# Solve wave equation with discontinuous coefficients numerically?

I would like to solve the following equation $$\frac{\partial^2 y}{\partial t^2} - c^2(x,t)\frac{\partial^2 y}{\partial x^2}=0,$$ for $$y=y(x,t)$$ numerically. The wave speed, $$c(x,t)$$, is of the form $$c(x,t) = \begin{cases} c_1(t), & x<0 \\ c_2(t), & x\ge 0. \end{cases}$$ The initial conditions are $$y(x,0)=f(x),$$ $$\left.\frac{\partial y}{\partial t}\right|_{t=0}=g(x).$$ The boundary conditions are that the solution is periodic in $$x$$, with period $$2l$$ such that $$y(-l,t)=y(l,t).$$ Note that if you can find a solution with a more convenient set of boundary conditions please let me know. We need $$y(x,t)$$ and $$\partial y / \partial x$$ to be continuous.

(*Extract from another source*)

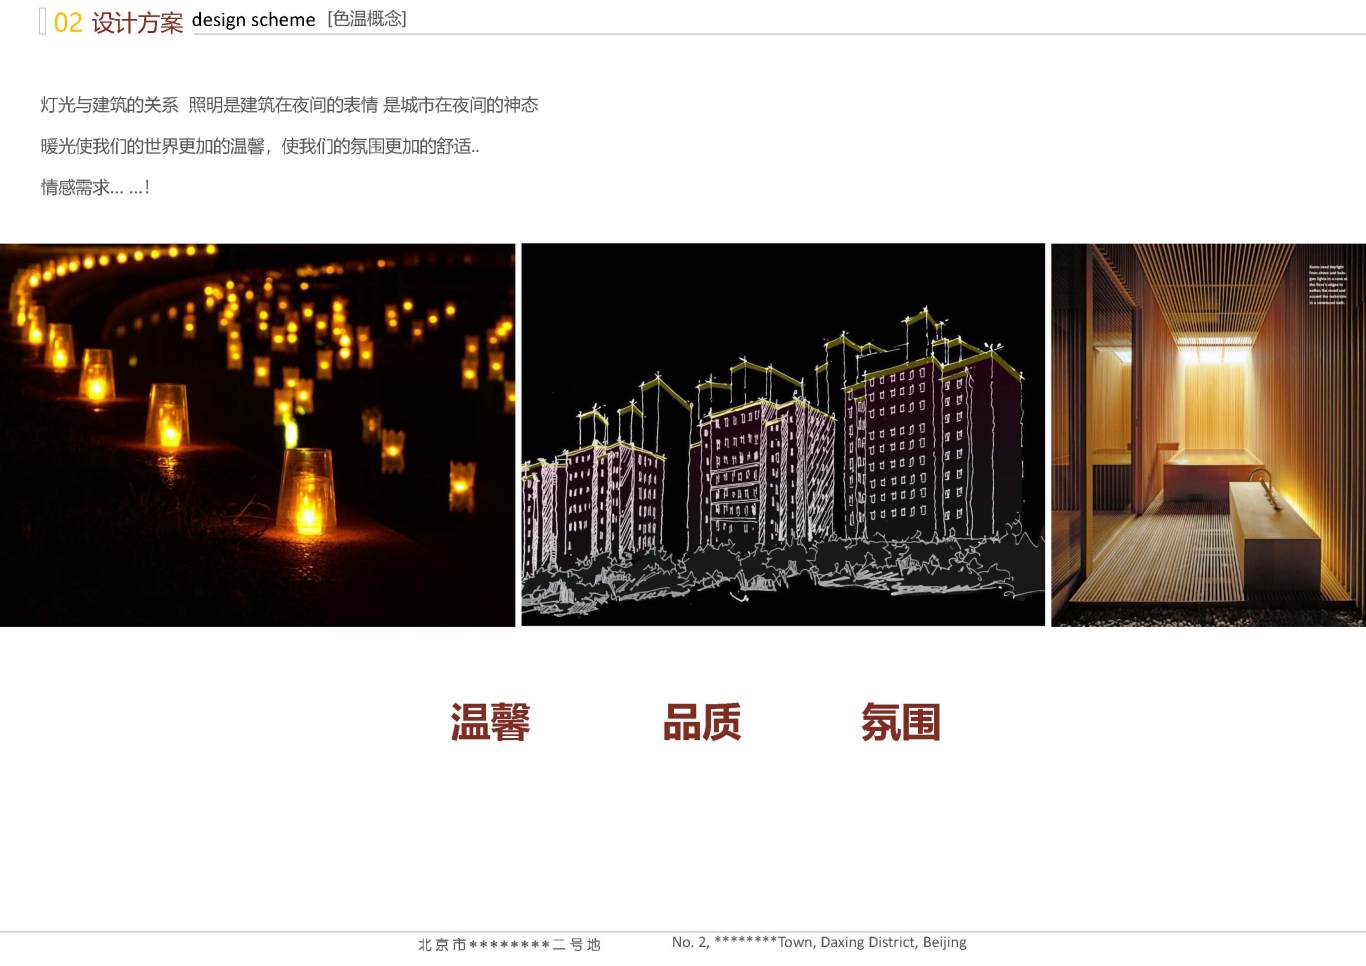 北京市大興區*****二號地夜景照明項目案例圖14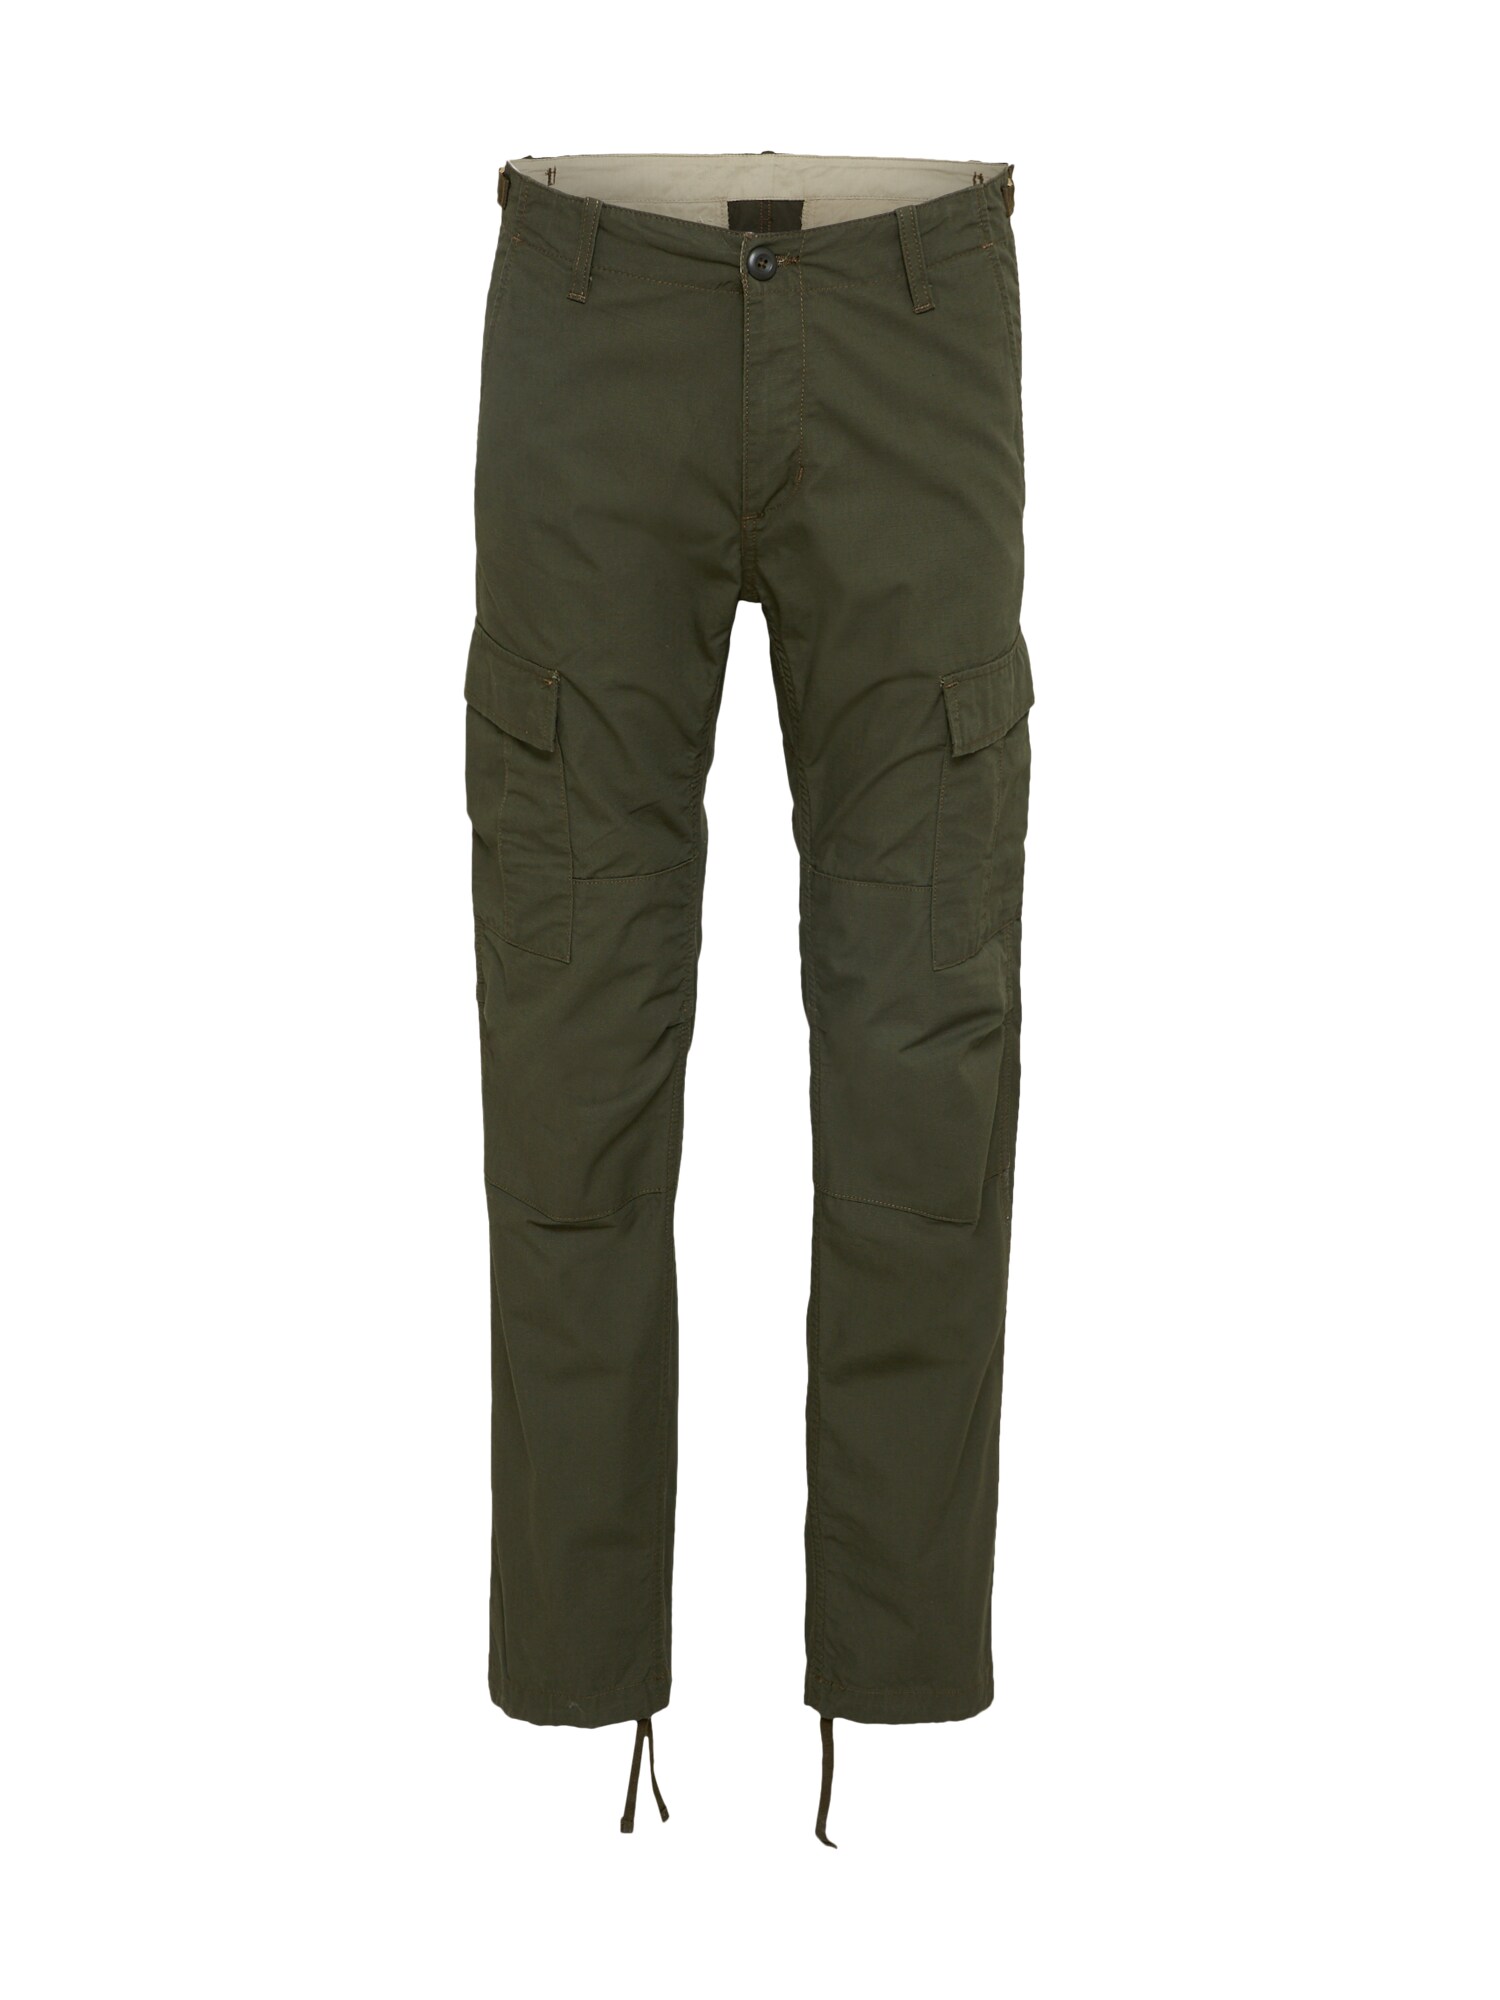 Carhartt WIP Laisvo stiliaus kelnės 'Aviation Pant'  alyvuogių spalva / tamsiai žalia

I am not sure how to solve this. My first thoughts are to solve the problem like this. Let $$y(x,t)=\begin{cases} y_1(x,t), & x<0 \\ y_2(x,t), & x\ge0, \end{cases}$$ where $$\frac{\partial^2 y_1}{\partial t^2} - c_1^2(t)\frac{\partial^2 y_1}{\partial x^2}=0,$$ $$\frac{\partial^2 y_2}{\partial t^2} - c_2^2(t)\frac{\partial^2 y_2}{\partial x^2}=0,$$ where the boundary conditions are now $$y_1(-l,t)=y_2(l,t),$$ $$y_1(0,t)=y_2(0,t),$$ but how do I proceed from here?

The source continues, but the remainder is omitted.